Del Norte Fire Safe Council presented a ‘Smith-to-Klamath’ proposal for large-scale fuel breaks (approx. 30,000 acres) and 100,000 acres of prescribed fire, estimating roughly $135 million over 10 years and seeking county coordination and letters of support.

Aaron Babcock, coordinator of the Del Norte Fire Safe Council, briefed the Board on a regional initiative to expand wildfire mitigation across a broad landscape corridor from the Oregon border down to the Klamath River.

Babcock described a plan combining shaded fuel breaks (about 30,000 acres), a 3,000-acre ridge-top strategic fuel break and up to 100,000 acres of prescribed burns, with an overall rough cost estimate in the neighborhood of $135 million spread over about 10 years. He said the proposal seeks to coordinate federal, state, tribal and private partners through shared stewardship agreements, MOUs and potential federal/state grant mechanisms.

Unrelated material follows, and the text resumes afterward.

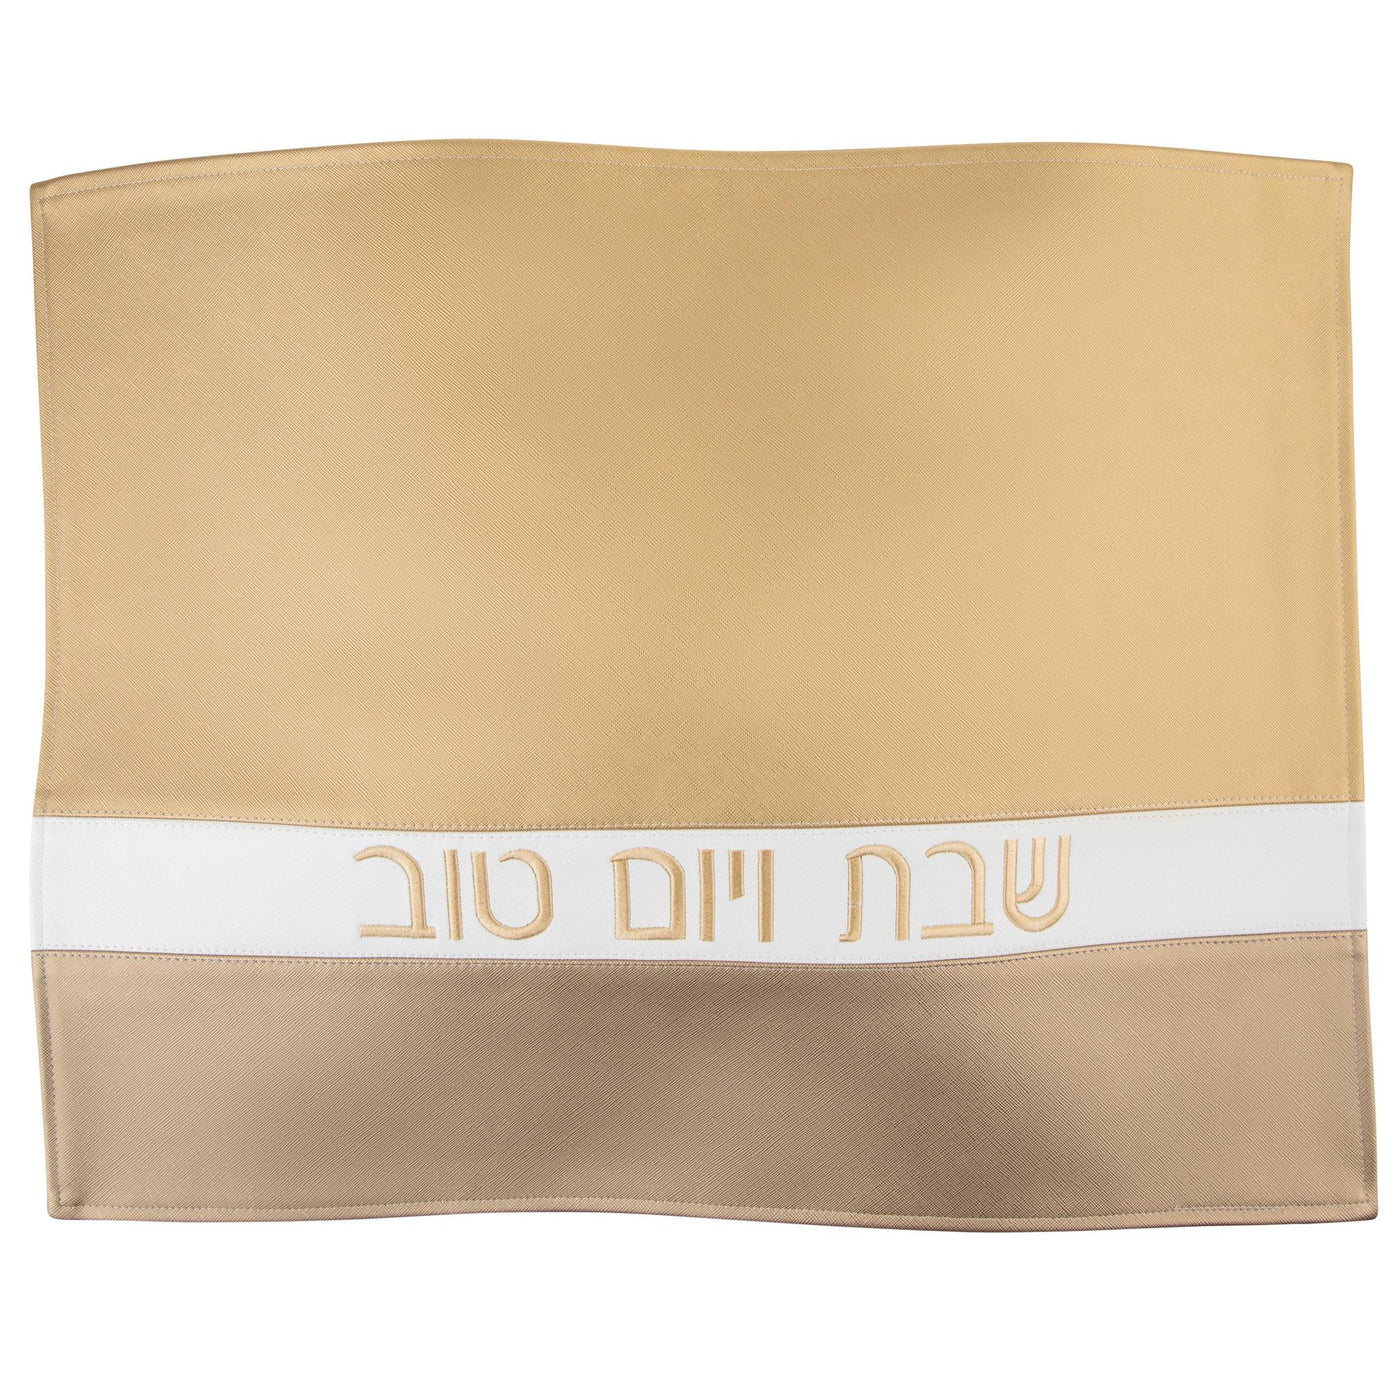 Horizontal Leather Challah Cover (Dark Gold/White/Gold) - Set With Style

Why it matters: Supervisors and local partners said the initiative would protect communities and critical infrastructure, create local jobs through mitigation and biomass opportunities, and take advantage of newly available federal/state funding streams. Members of the public and board members expressed broad support and asked staff to identify funding and workforce partnerships to advance projects.

Outcome: The item was presented as informational; Supervisor Howard had circulated a letter of support and the board later indicated willingness to act quickly when concrete proposals and funding mechanisms are defined.